Enes Kanter attacca la Nike: Negli USA fate rumore per le ingiustizie, in Cina non avete coraggio

Il centro turco dei Celtics continua la sua battaglia contro la Cina e tira in ballo la Nike: “Voi non parlate della brutalità della polizia cinese. Non parlate della discriminazione contro la comunità LGBT, non dite niente contro l’oppressione delle minoranze in Cina. Avete paura di parlarne"

Continua la protesta di Enes Kanter contro la Cina.
Il centro turco dei Celtics ha indossato delle scarpe disegnate dal cartonista Badiucao, dissidente cinese, residente in Australia.
Nella gara contro Charlotte ha indossato delle scarpe che sono state “abbellite” con la scritta “Modern Day Slavery” (la schiavitù morderna”) ed ha poi postato un video sui social attaccando la Nike.

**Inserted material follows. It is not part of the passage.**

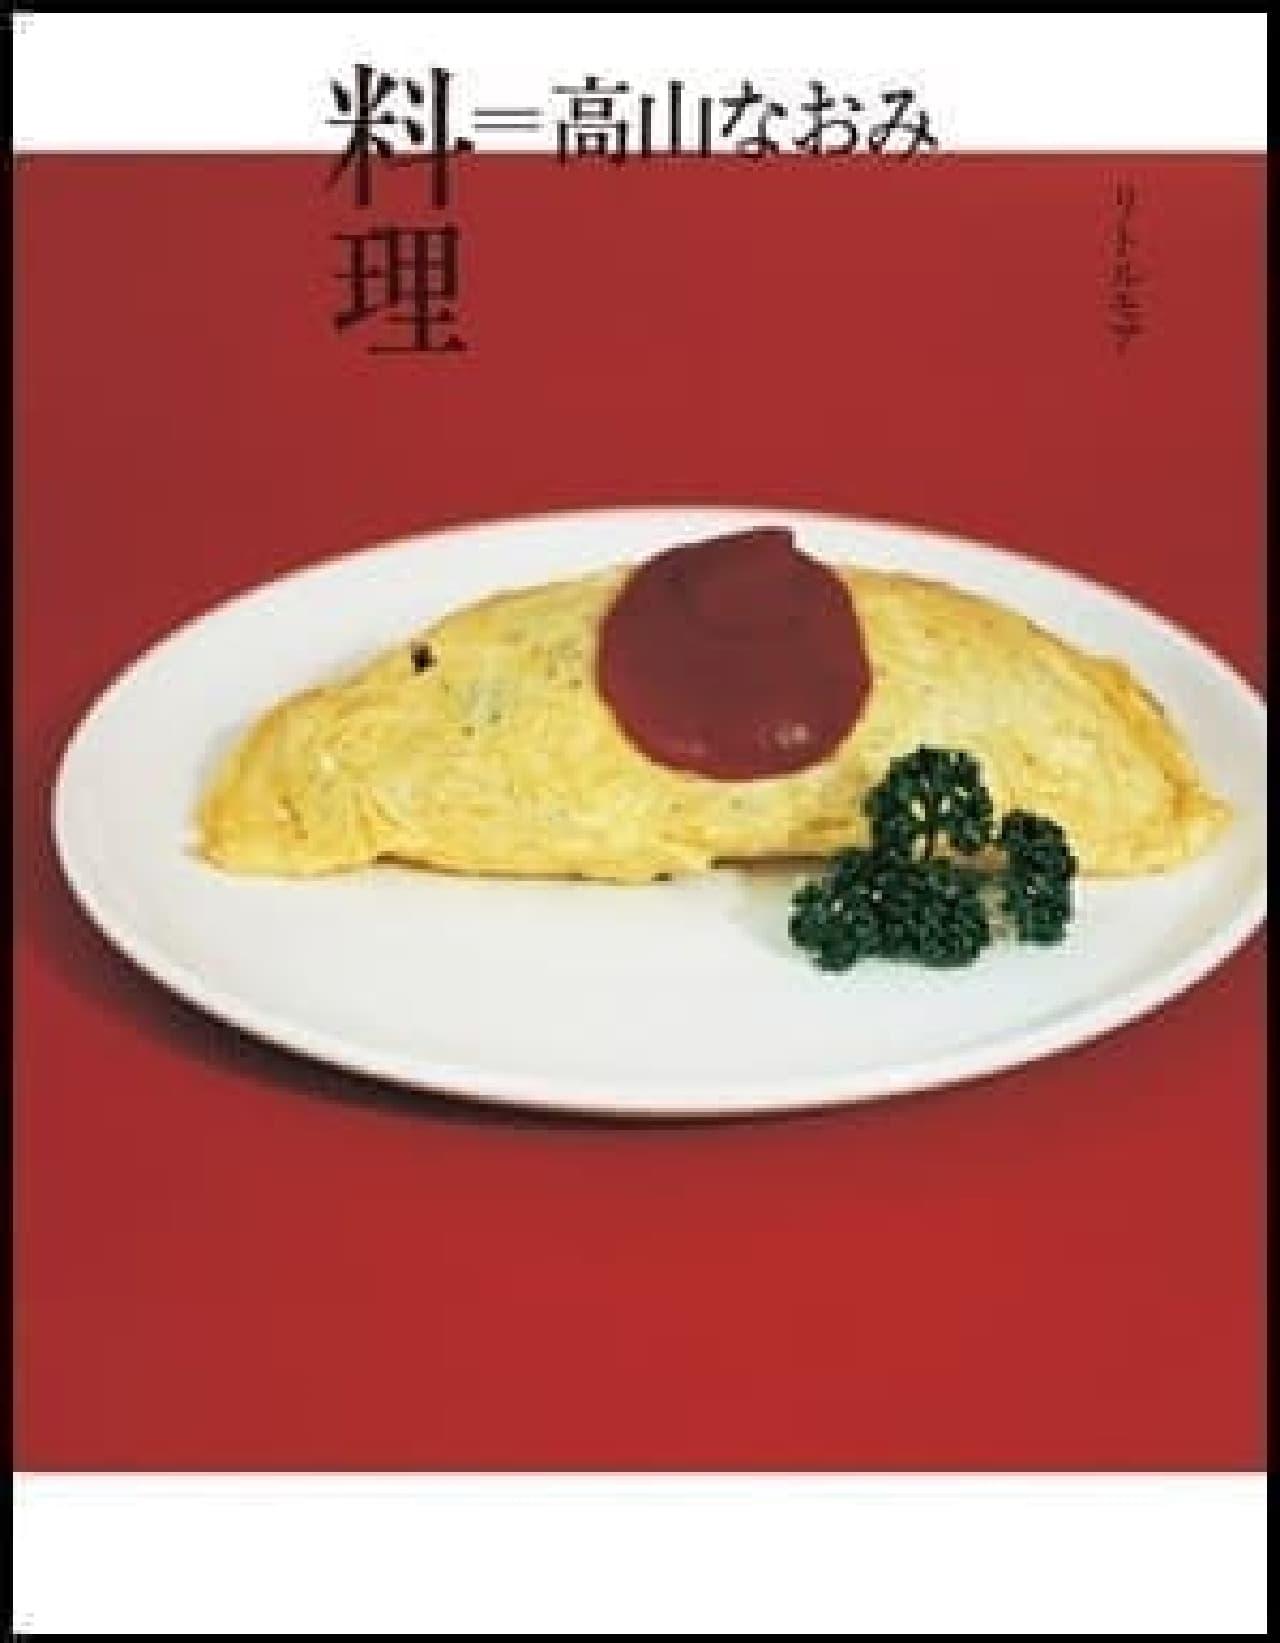 待望の新刊『料理=高山なおみ』
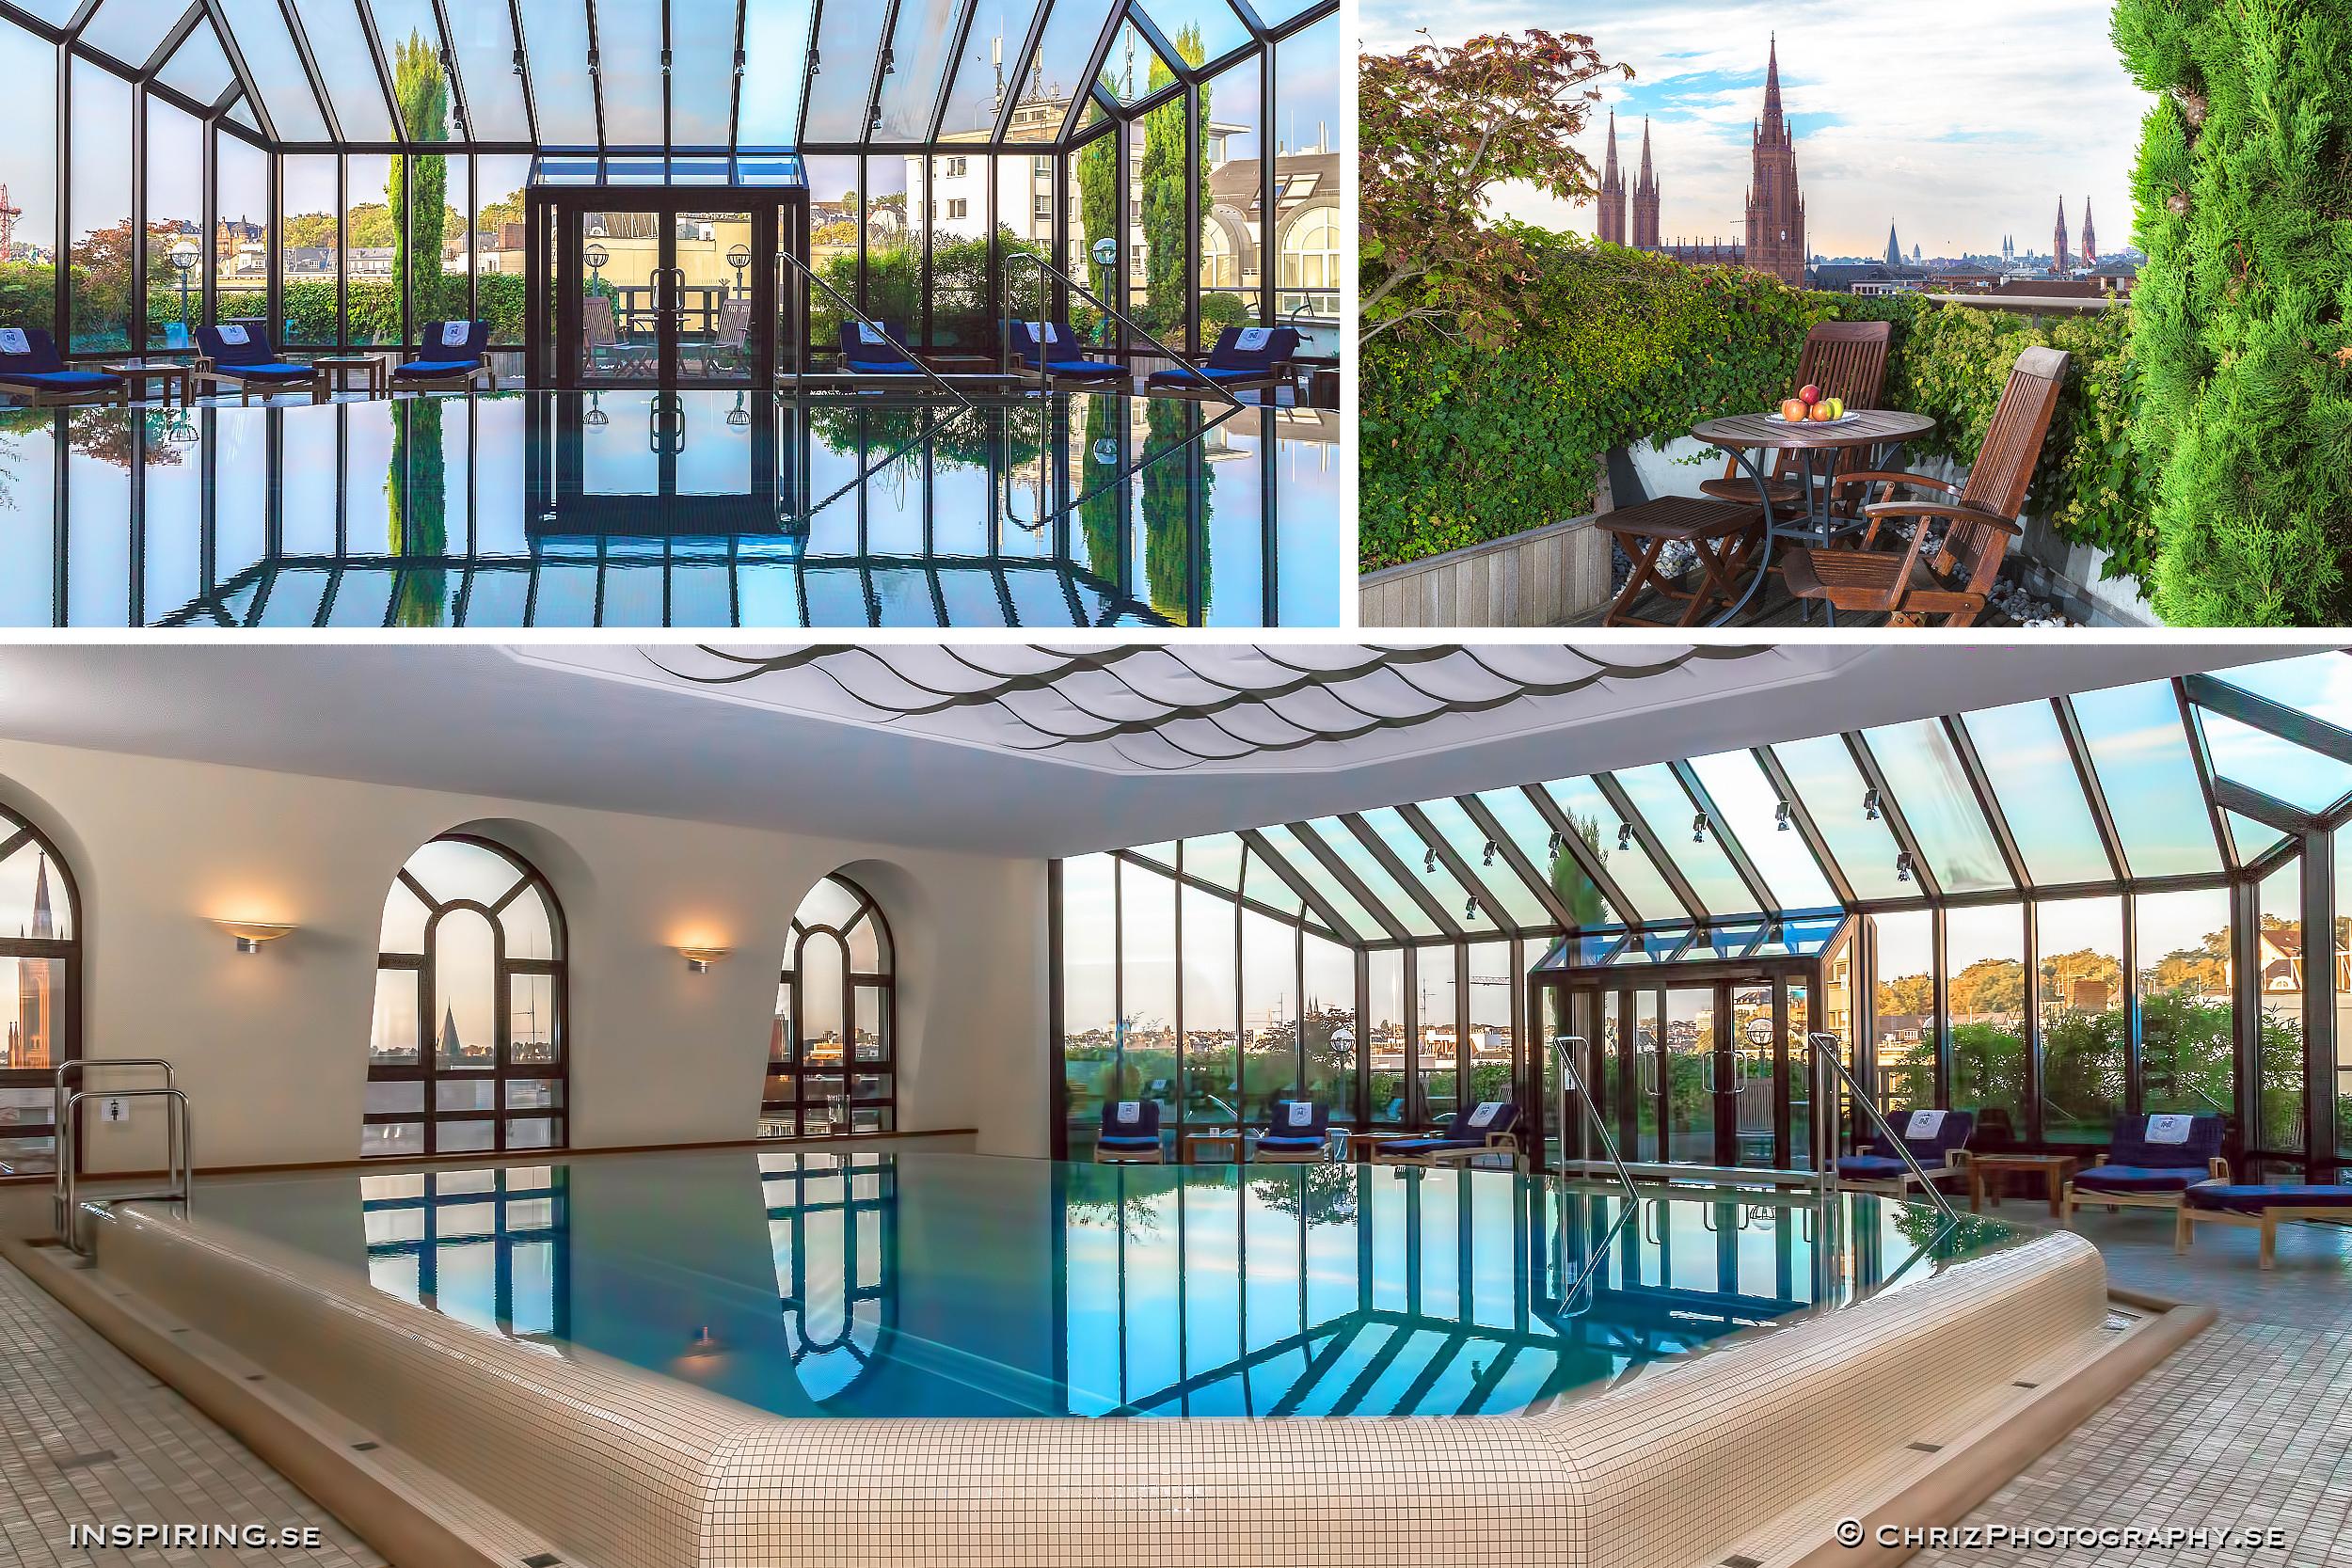 Hotel_Nassauer_Hof_Inspiring.se_copyright_ChrizPhotography.se_15.jpg

“La Nike fa rumore quando si tratta di parlare delle ingiustizie in USA ma quando deve parlare della Cina..rimane in silenzio” ha detto Kanter, usando l’hashtag #EndUyghurForcedLabor

“Voi non parlate della brutalità della polizia cinese. Non parlate della discriminazione contro la comunità LGBT, non dite niente contro l’oppressione delle minoranze in Cina. Avete paura di parlarne” ha detto Kanter, da anni in guerra in patria anche con Erdogan.

“Nike, chi fa le vostre scarpe in Cina? Lo sapete?” ha continuato Kanter.

“Ci sono così tante fabbriche di lavoro forzato in Cina. Per esempio il lavoro forzato uiguri, è la schiavitù moderna, e sta accadendo proprio ora in Cina. Milioni di uiguri sono attualmente detenuti, venduti e assegnati a lavorare nei campi di lavoro forzato come le prigioni nelle fabbriche di tutto il paese”.

Nel corso del 2021 la Nike aveva emesso un comunicato a riguardo.

“Nike si impegna a una produzione etica e responsabile e rispettiamo gli standard internazionali del lavoro”, si legge nella dichiarazione. “Siamo preoccupati per le segnalazioni di lavoro forzato nella regione autonoma dello Xinjiang Uygur (XUAR) e ad essa collegate. Nike non acquista prodotti dallo XUAR e abbiamo confermato con i nostri fornitori a contratto che non utilizzano tessuti o filati della regione”.

La Cina nega di aver commesso violazioni dei diritti umani nella regione dello Xinjiang. Secondo gruppi per i diritti umani e un comitato delle Nazioni Unite, ben un milione di musulmani uiguri – il più grande gruppo etnico della regione – sono stati detenuti in “centri di rieducazione” e sottoposti a indottrinamento, tortura e lavoro forzato.